§ WORK TASK: The copy should hold exactly the lines below from the one that contains "If the Fates AllowA Hadestown Holiday Album" through the one that contains "Trophée Porsche" and nothing else, so no pictures.

§ DATA:
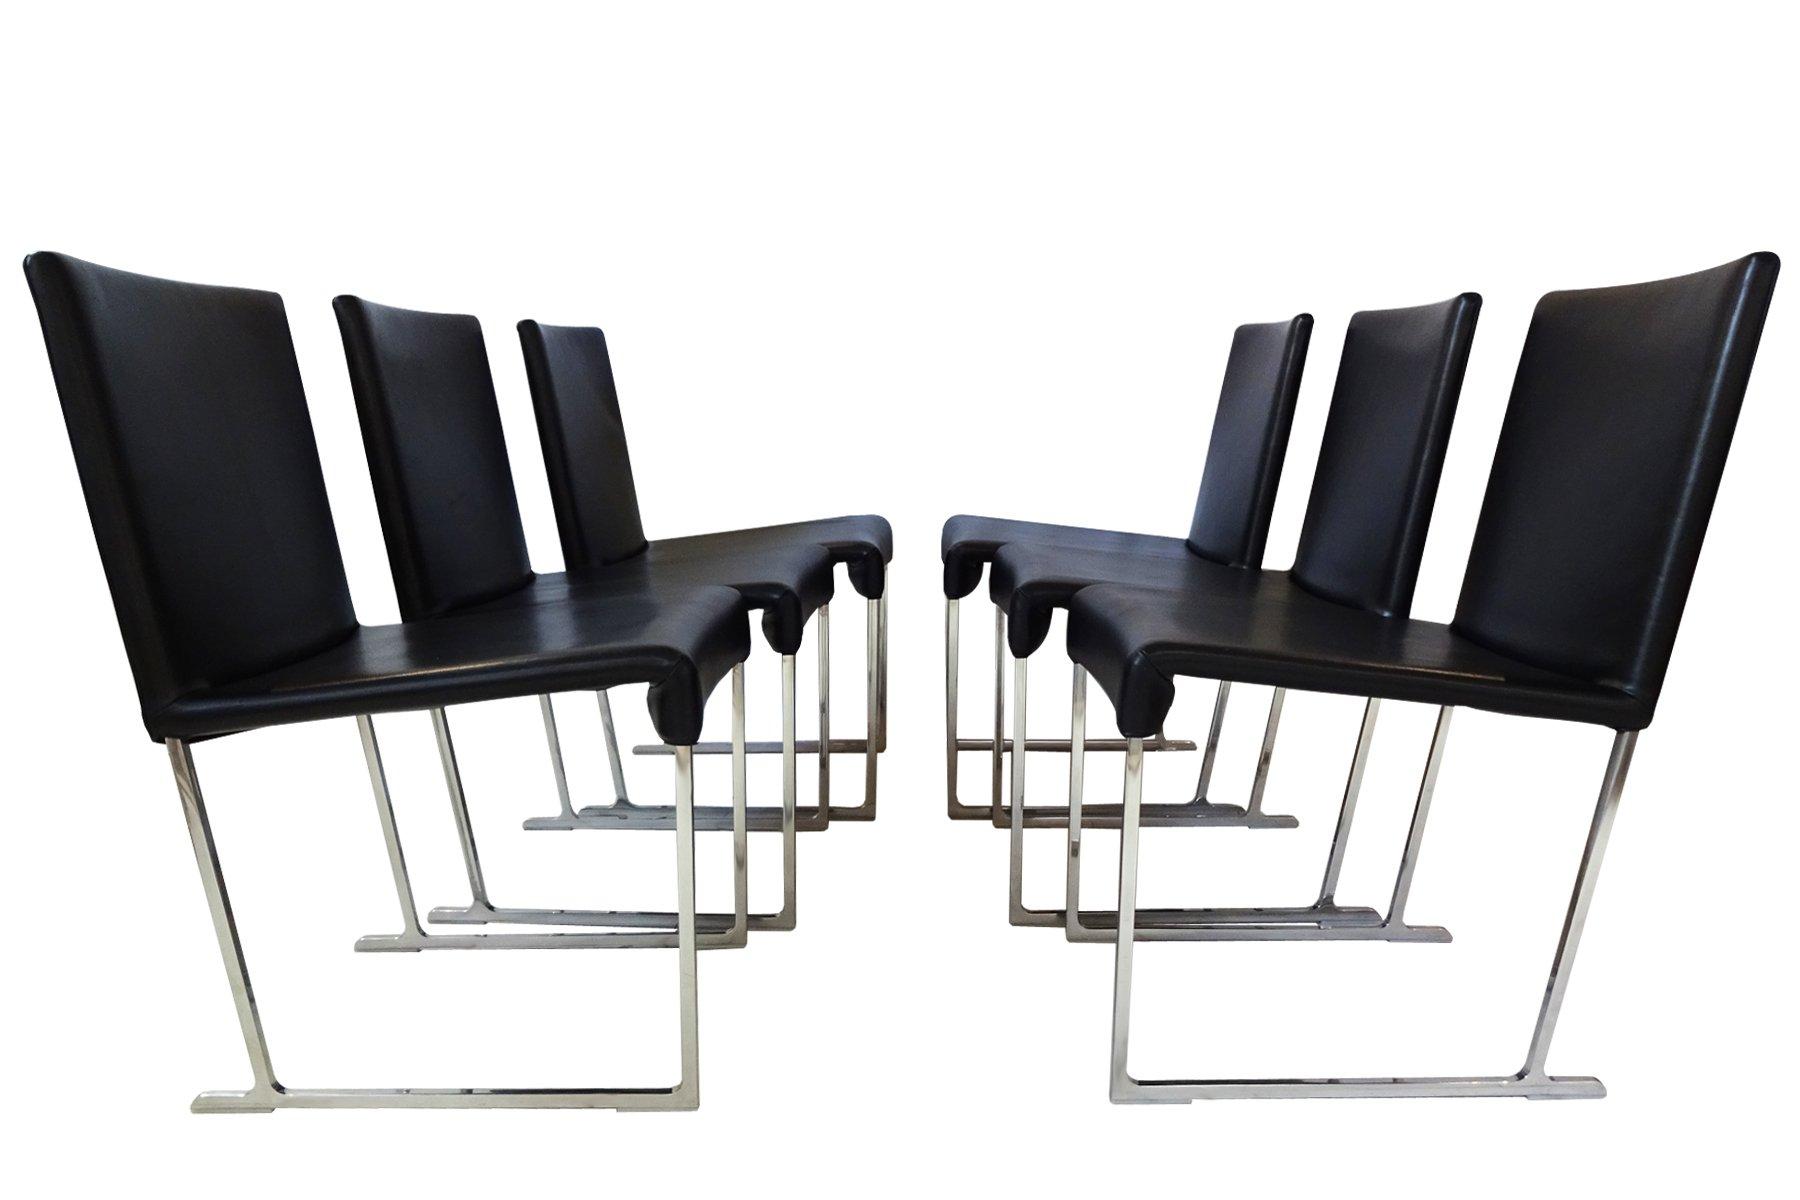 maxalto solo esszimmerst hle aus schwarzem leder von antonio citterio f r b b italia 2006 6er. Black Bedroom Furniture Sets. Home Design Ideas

--

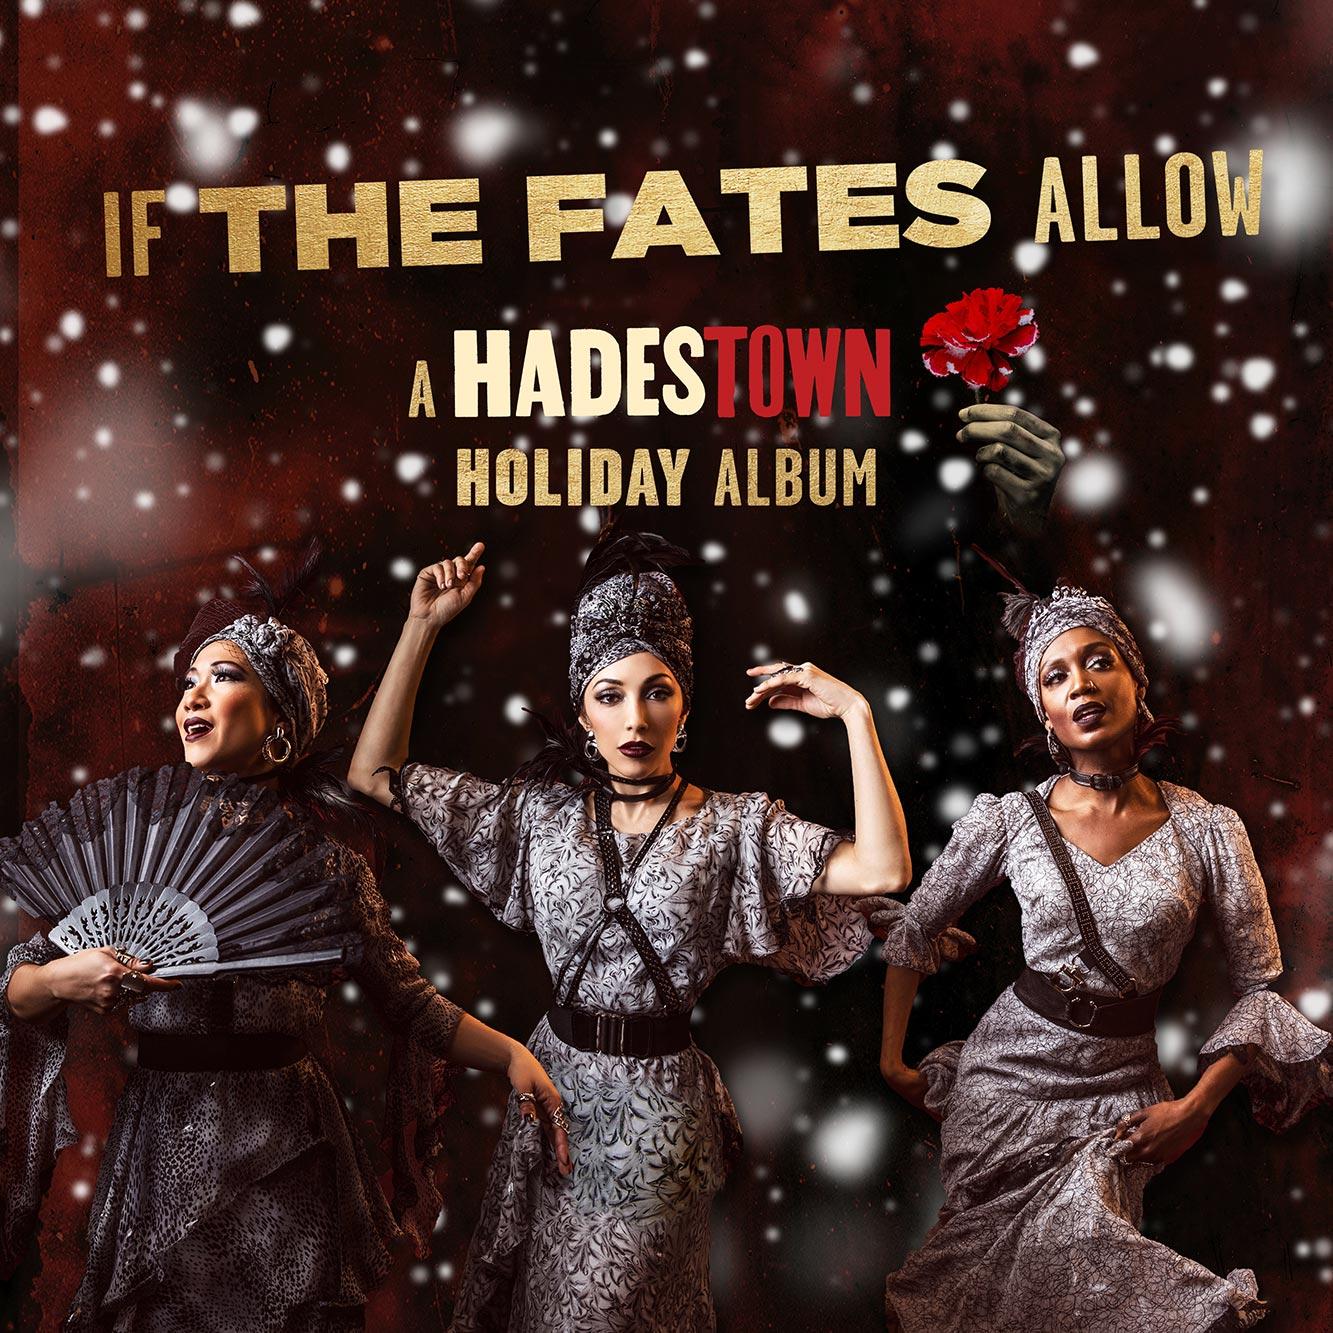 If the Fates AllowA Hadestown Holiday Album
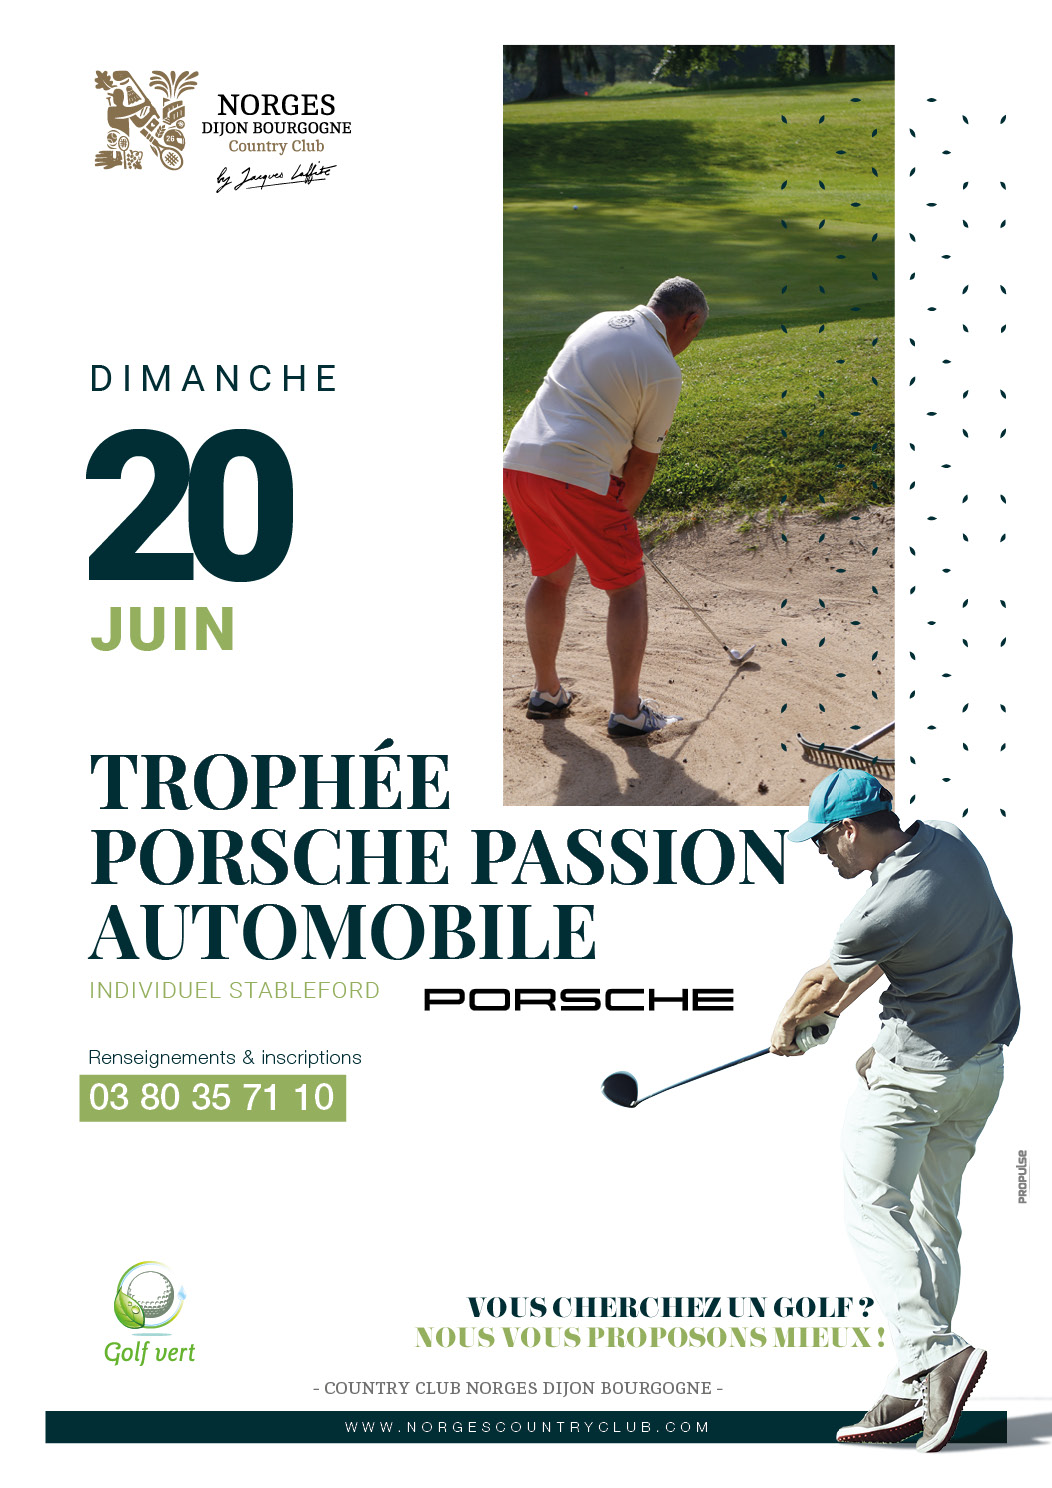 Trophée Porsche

§ RESULT BELOW:
 If the Fates AllowA Hadestown Holiday Album
 Trophée Porsche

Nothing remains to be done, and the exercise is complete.